Let be $S_n$ a binomially distributed random variable and $p$ its corresponding probability. We define $P(\{S_n=k\})= b(k;n,p):={n\choose k} p^k(1-p)^{n-k}$. Here $n$ denotes the number of Bernoulli trials and $k$ the number of successes.
In the context of the local limit theorem and the weak law of large numbers we have the following statement in our lecture:
For each $a>0:$ $$ \lim\limits_{n\to\infty} P(|S_n-np|\leq a)\leq (2a+1)\lim\limits_{n\to\infty}\max\{P(S_n)\}=0, $$ because we know that $\lim\limits_{n\to\infty}\max\limits_{0\leq k\leq n} b(k;n,p)=0.$
I am not sure how to interpret the expression $\max\{P(S_n)\}$ and why this inequality holds at all?
I assume that it has something to do with the fact that the set $\max\{S_n\}$ contains much more elements than the set $\{|S_n-np|\leq a\}$.
Can someone explain it to me or derive the inequality?
EDIT:
Maybe this is the idea behind it:
For sake of simplicity I assume that all numbers are naturals, otherwise I would add some floor/ceil functions.
Let's choose some $n$ and fix it. Then, there exists a $1\leq k_0\leq n$ such that for all $k$ with $1\leq k\neq k_0\leq n$ we have $P(\{S_n=k_0\})\geq P(\{S_n=k\})$. So the set $\{S_n=k_0\}$ represents some kind of maximum which corresponds to the expression above $\max\limits_{0\leq k\leq n} b(k;n,p)$. To me it would make more sense if the expression $\max\{P(S_n)\}$ was replaced by $\{S_n=k_0\}$.

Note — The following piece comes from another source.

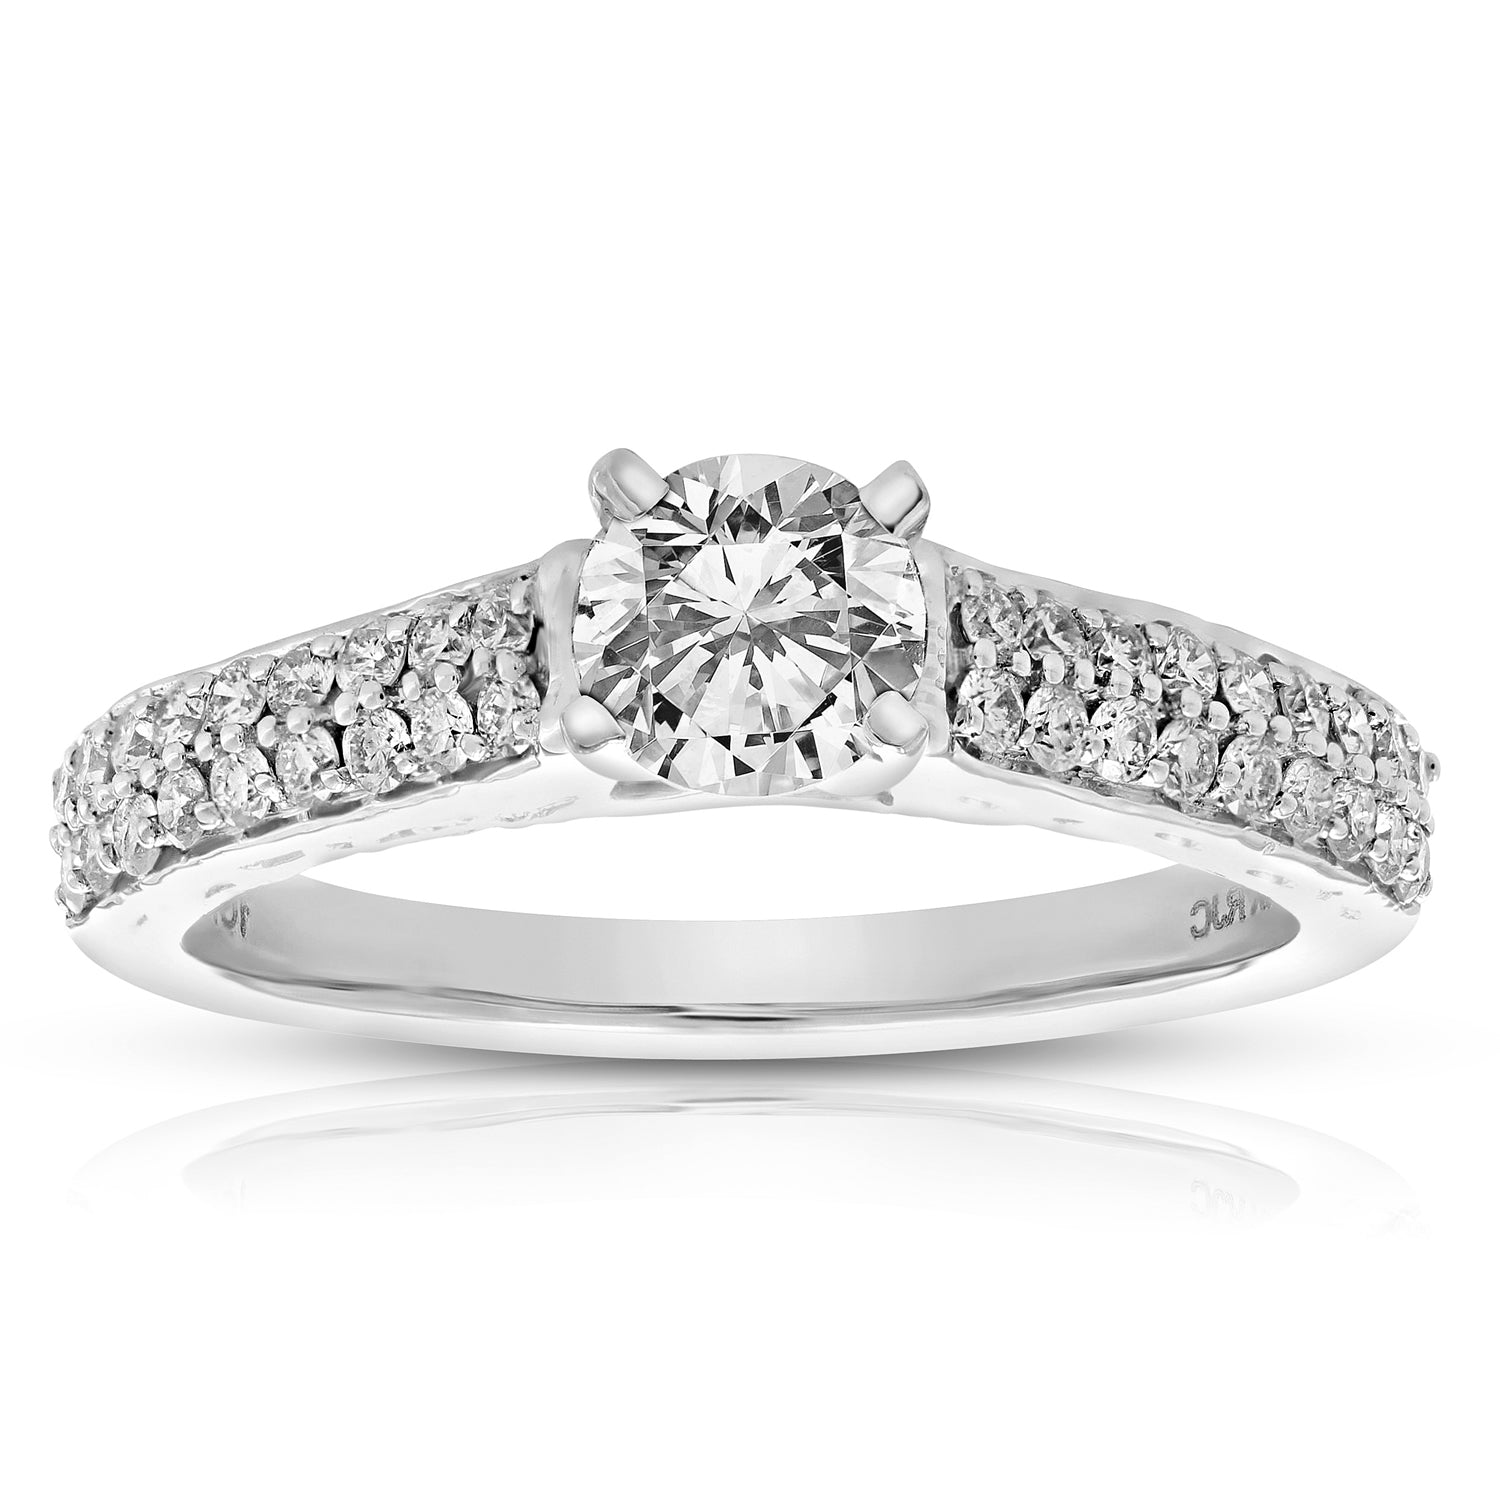 1 cttw Round Diamond Engagement Ring 14K White Gold Size 7

Next, we use $\{S_n=k_0\}$ to construct an upper bound. From $$ |S_n-np|\leq a\iff np-a\leq S_n\leq np+a $$ we sse tha there are at most $(2a+1)$-many natural numbers between $np-a $ and $np+a$. So $S_n$ can attain at most $(2a+1)$-many different values i.e.: \begin{align*} &S_n=np-a\\ &S_n=np-a+1\\ &\dots\\ &S_n=np+a. \end{align*} Each of those $(2a+1)$-many possibilities generates a set. As above mentioned $\{S_n=k_0\}$ is the set with the highest probability, so \begin{align*} &P(|S_n-np|\leq a)=P(np-a\leq S_n\leq np+a)\\ &=P(\{S_n=np-a\})+P(\{S_n=np-a+1\})+\dots+P(\{S_n=np+a\})\\ &\leq (2a+1)P(\{S_n=k_0\})=(2a+1)\max\limits_{0\leq k\leq n} b(k;n,p). \end{align*} Finally, letting $n\to\infty$ shows the statement.
Is this correct?